* _WHAT YOU HAVE TO DO_: What you give back from the listing below should be an exact copy of the lines from the one with "Materassi Aosta.Materassi Aosta" down to the one with "W190122.03 PCB 3D BOT", and it should contain no pictures.

* _THE INPUT_:
= Beginning of Section =

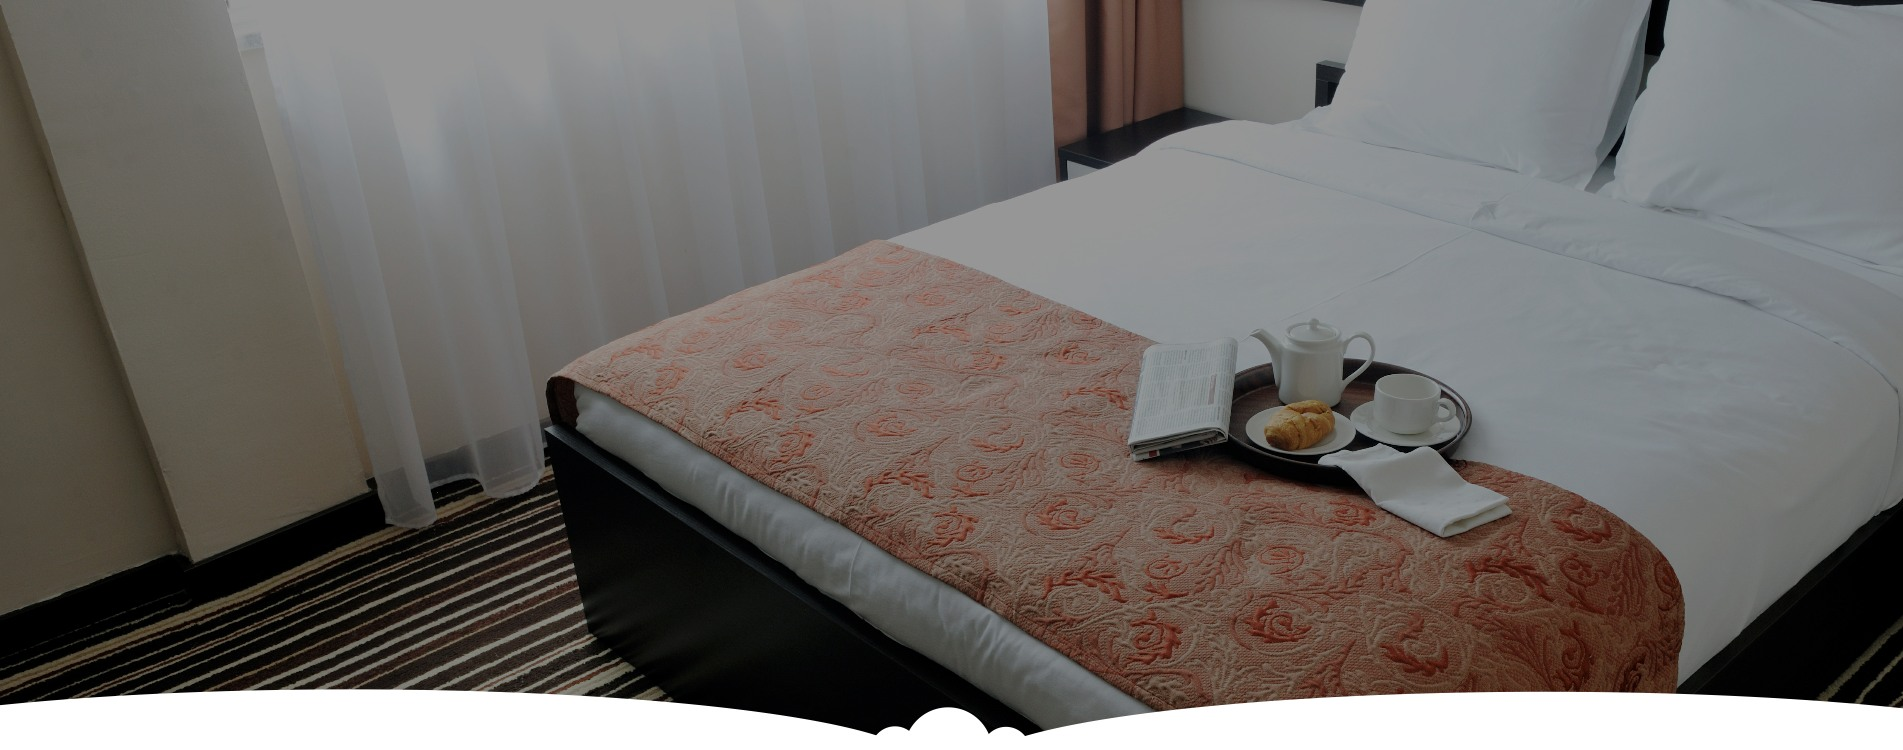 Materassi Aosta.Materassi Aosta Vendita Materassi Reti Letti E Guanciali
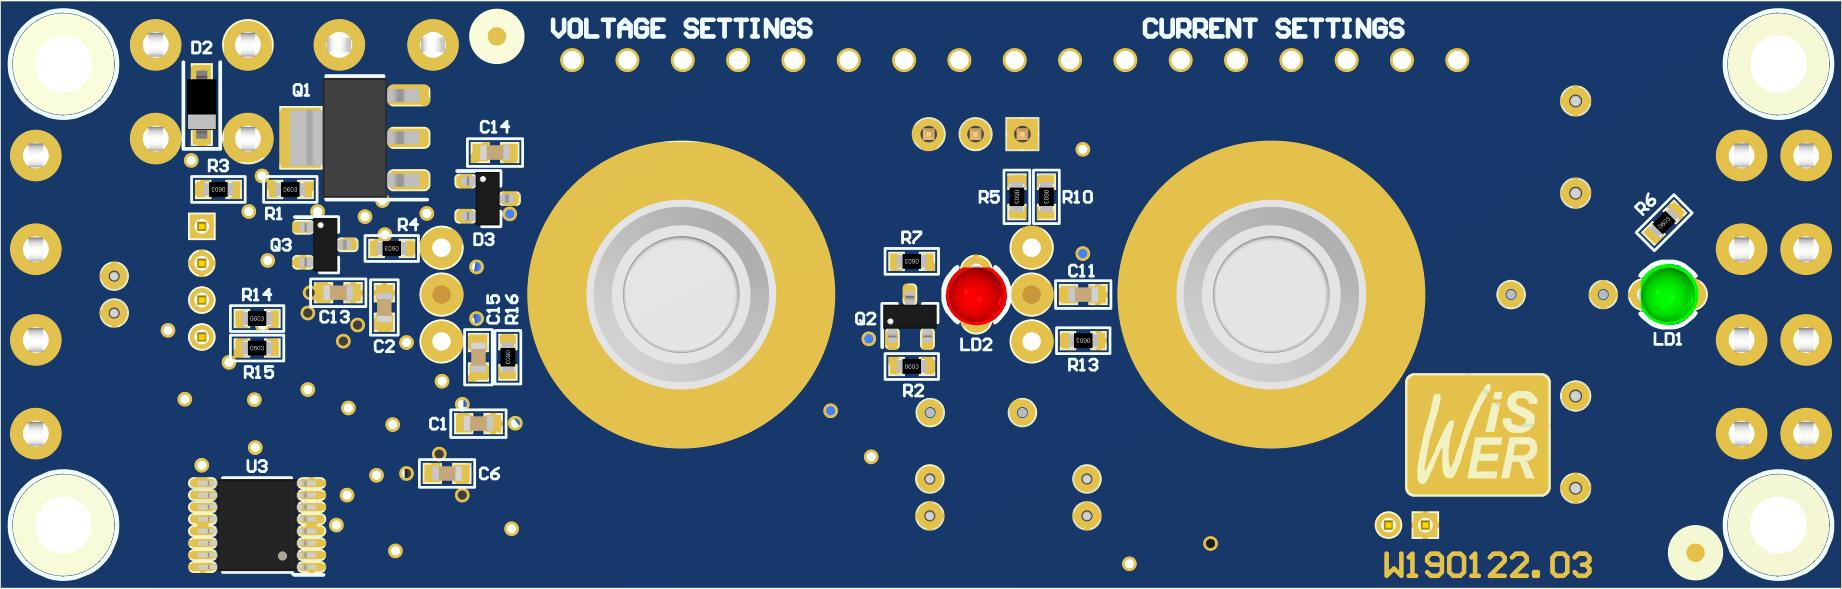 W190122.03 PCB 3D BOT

= End of Section =
= Beginning of Section =

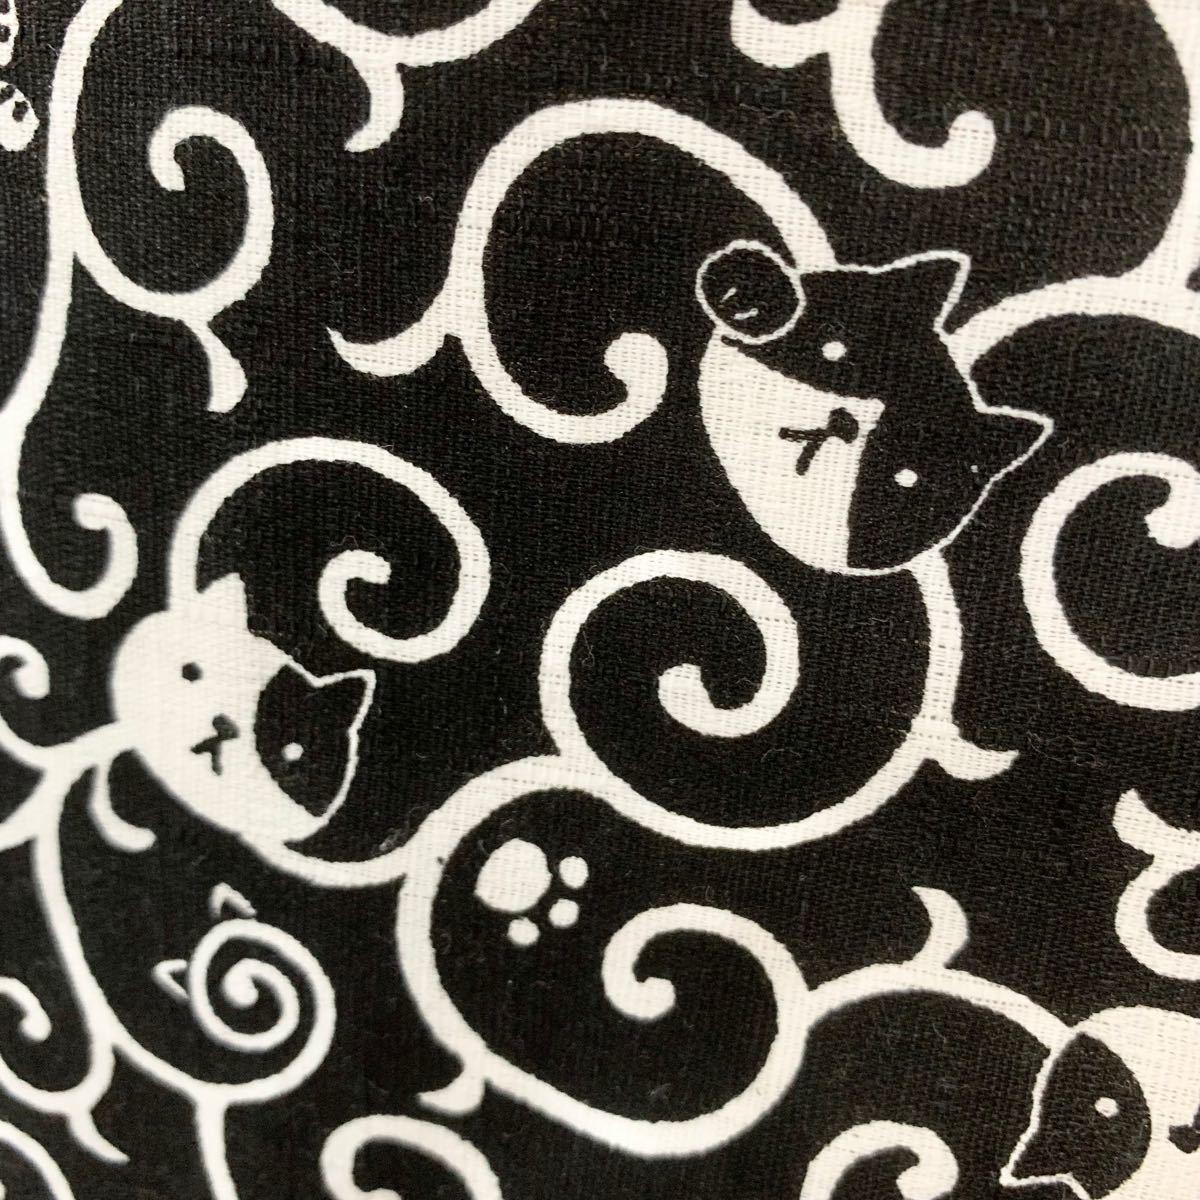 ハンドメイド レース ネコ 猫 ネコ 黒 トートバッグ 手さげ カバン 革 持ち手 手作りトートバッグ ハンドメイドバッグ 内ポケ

= End of Section =

* _WRITTEN RESPONSE_:
 Materassi Aosta.Materassi Aosta Vendita Materassi Reti Letti E Guanciali
 W190122.03 PCB 3D BOT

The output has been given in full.